# Specific 3D Printers, Scanners, & Hardware > MakerBot Forum >  IMakr Removes MakerBot Printers From Shelves Because of Dissatisfaction

## Brian_Krassenstein

In a recent announcement, iMakr is moving MakerBot’s latest lineup of 3D printers out of their stores due to discontent from their 3D printing customers. They will continue to sell the MakerBot Replicator 2X but will no longer retail the Replicator Fifth Generation and Replicator Z18 3D printers in a move meant to adhere to their strict dedication to customer service. For more details on what iMakr is and is not carrying, check out details in the full article:  http://3dprint.com/23136/imakr-removing-new-makerbot/ ‎

What do you guys think?  Was this a smart move?  Any MakerBot 5th Generation printer users out there? iMakr's London store:

----------


## janeg

I have a 5th Generation Replicator, and I had an issue with my first Smart Extruder, but it was swapped out in 48 hours and has worked fine since.  i've also bought previously from iMakr who I have found to be universally rude and unhelpful both in the store and afterwards for support

----------


## wpilgrim

All I can say is... About time.  I am happy to see a store dropping the new 5th gen printers.  janeg of 1 post, if what you say is in fact true you appear to be in the minority, as countless people that I know are having issues with their printers, "smart" extruder after "smart" extruder later, and still air prints.  MB's ludicrous $100 per support issue policy and spin doctoring their extruders problems as "natural wear" is a joke.  I hope more stores follow suit and maybe just maybe it will send a message that MB's consumers haven't been able to send and we can get back to the great company that sold great machines that Makerbot used to be.

----------


## Geoff

No surprise, and I hope more re-sellers follow suit.

----------


## jfkansas

Yep, a kid I know saw me post some stuff on facebook that I had printed. He took a snap shot of his schools 5th Gen printer. LOL. I said oh boy, those teachers are in for a headache. Makerbot is trying to be an Apple of many years ago. Lets get them into all the schools then they will be makerbot customers for life....

----------


## GearSting

Wow that's crazy that MB would actually release faulty products like this.

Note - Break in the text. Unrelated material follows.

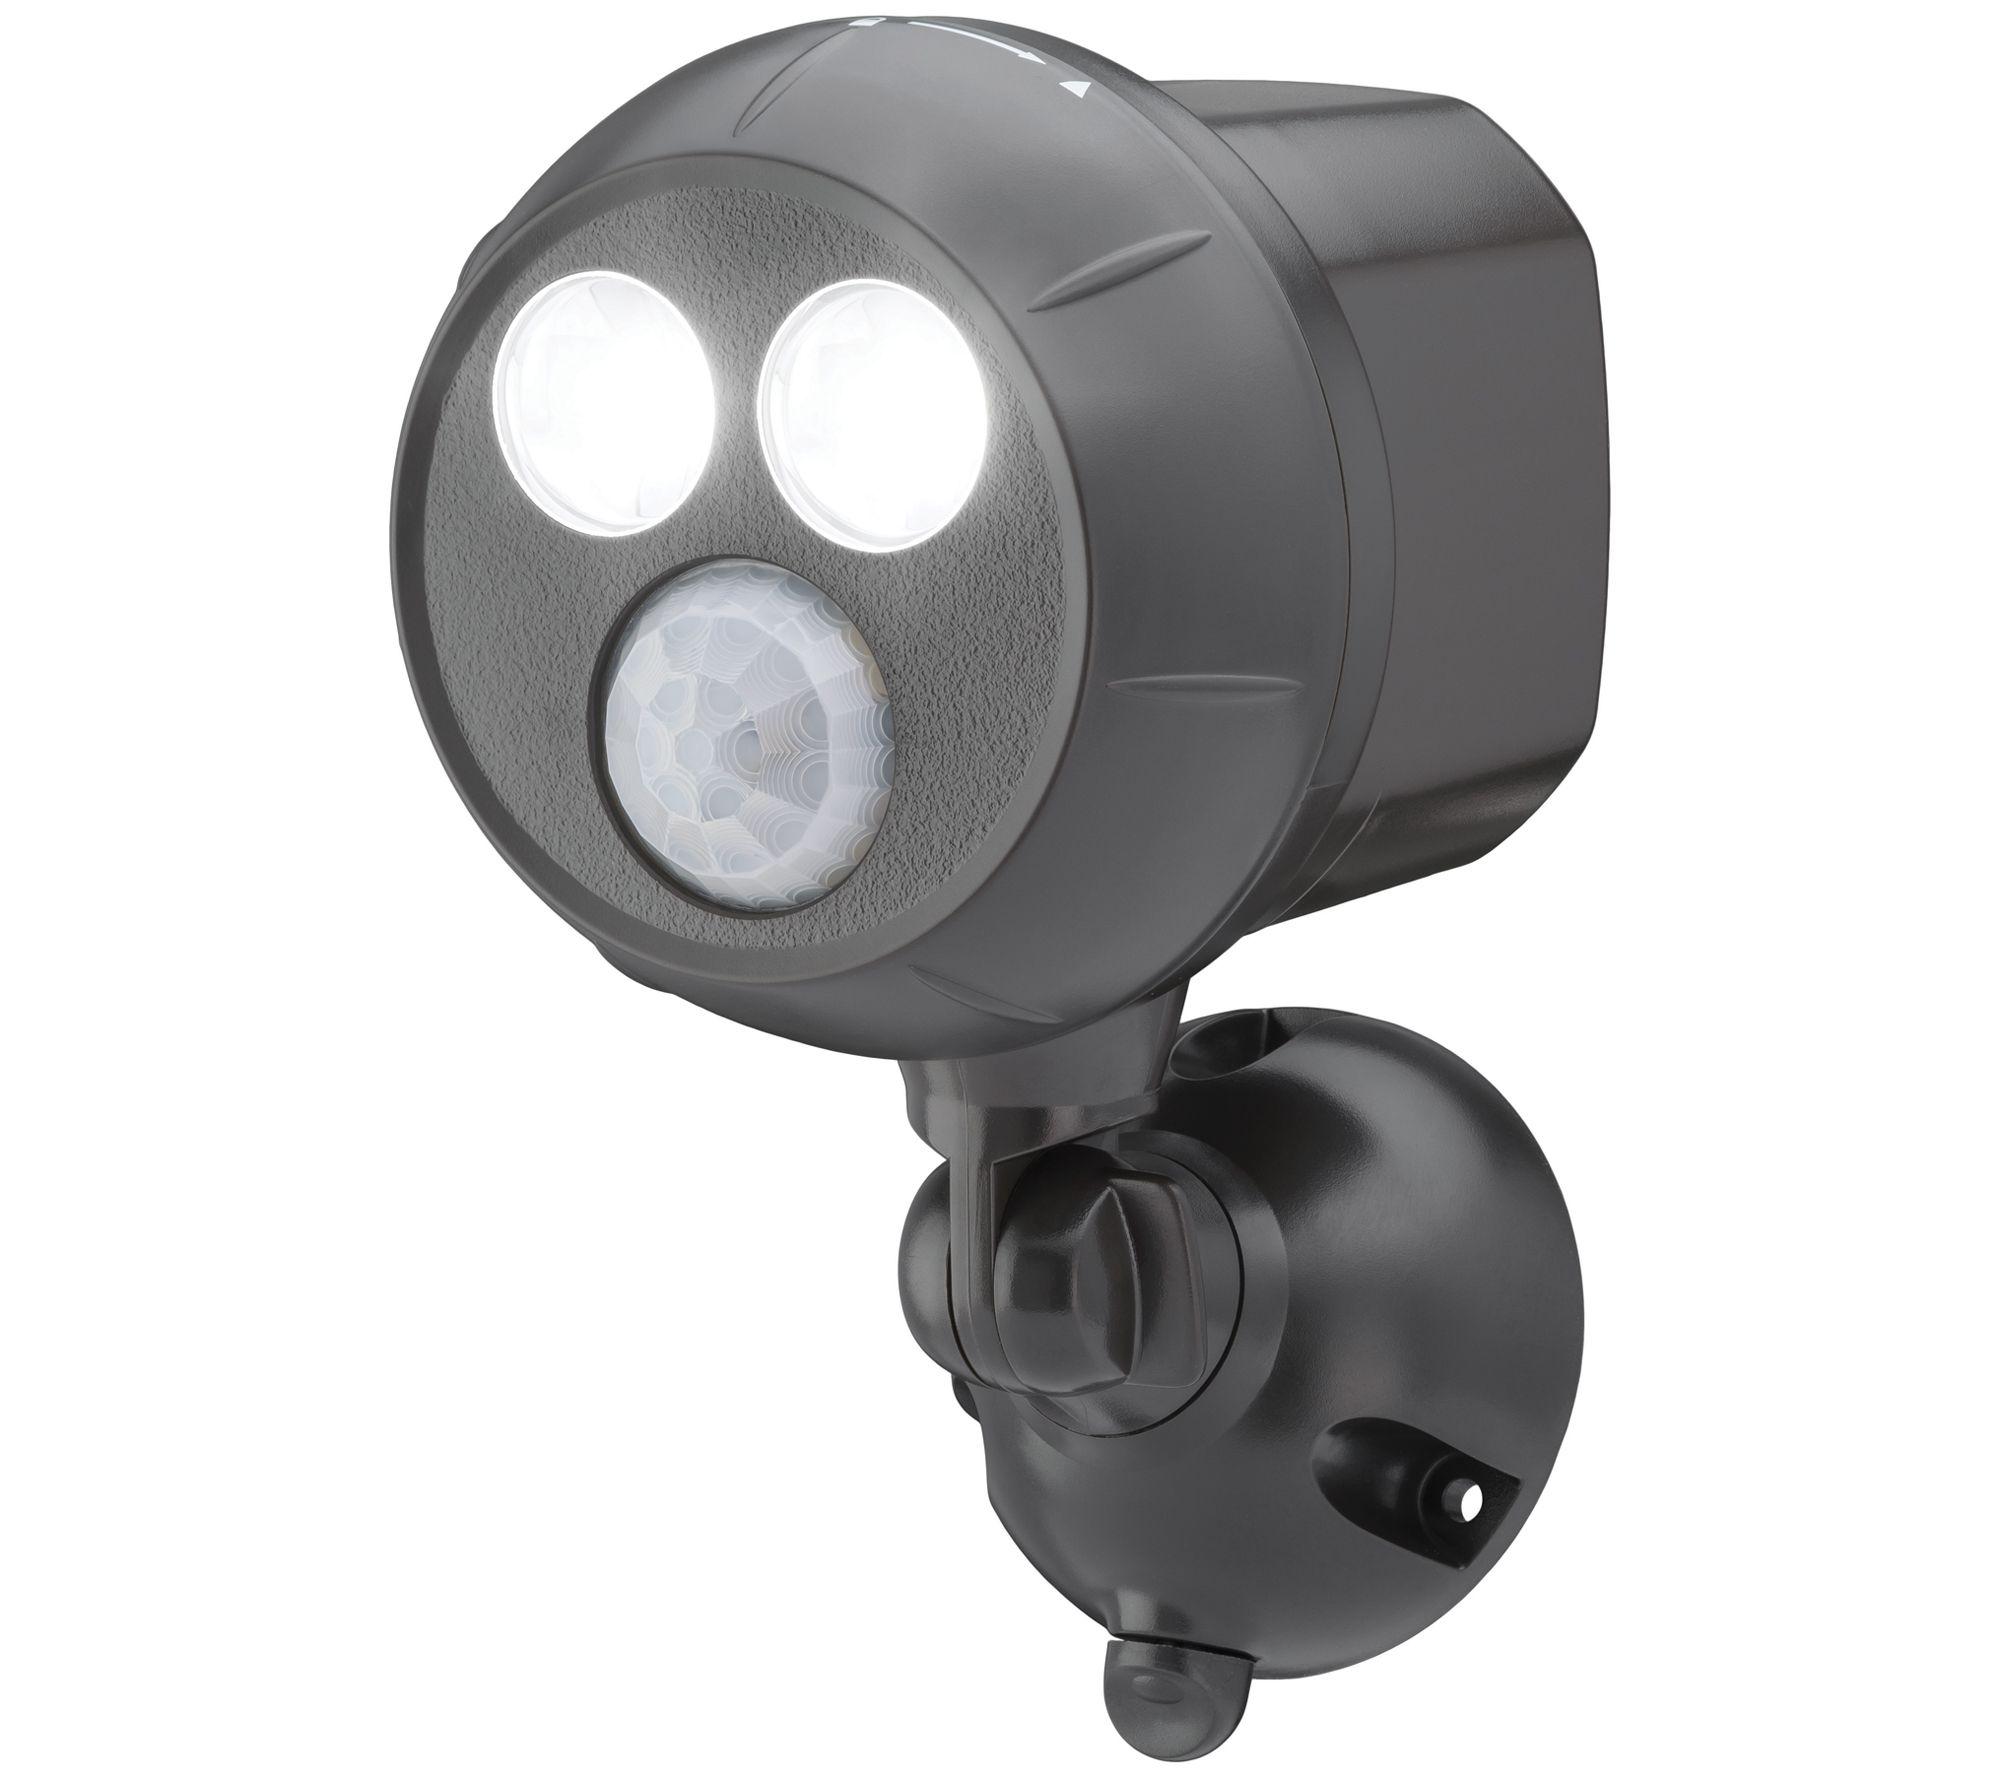 Mr Beams Mb390 400 Lumen Wireless Led Spotlight Qvc Com

Probably a good thing as long as it's turning more people away from MB printers.

----------


## Alibert

http://www.tridimake.com/2014/06/do-...-printers.html    ......

----------


## bongodrum

I am not surprised that IMakr are doing this, and to be quite honest, I am very surprised that my local Makerbot vendor has not yet done the same.   The only reason I can think of is that they have not sold that many Makerbot fifth gen printers yet, so they are just beginning to experience the pressure from their customers.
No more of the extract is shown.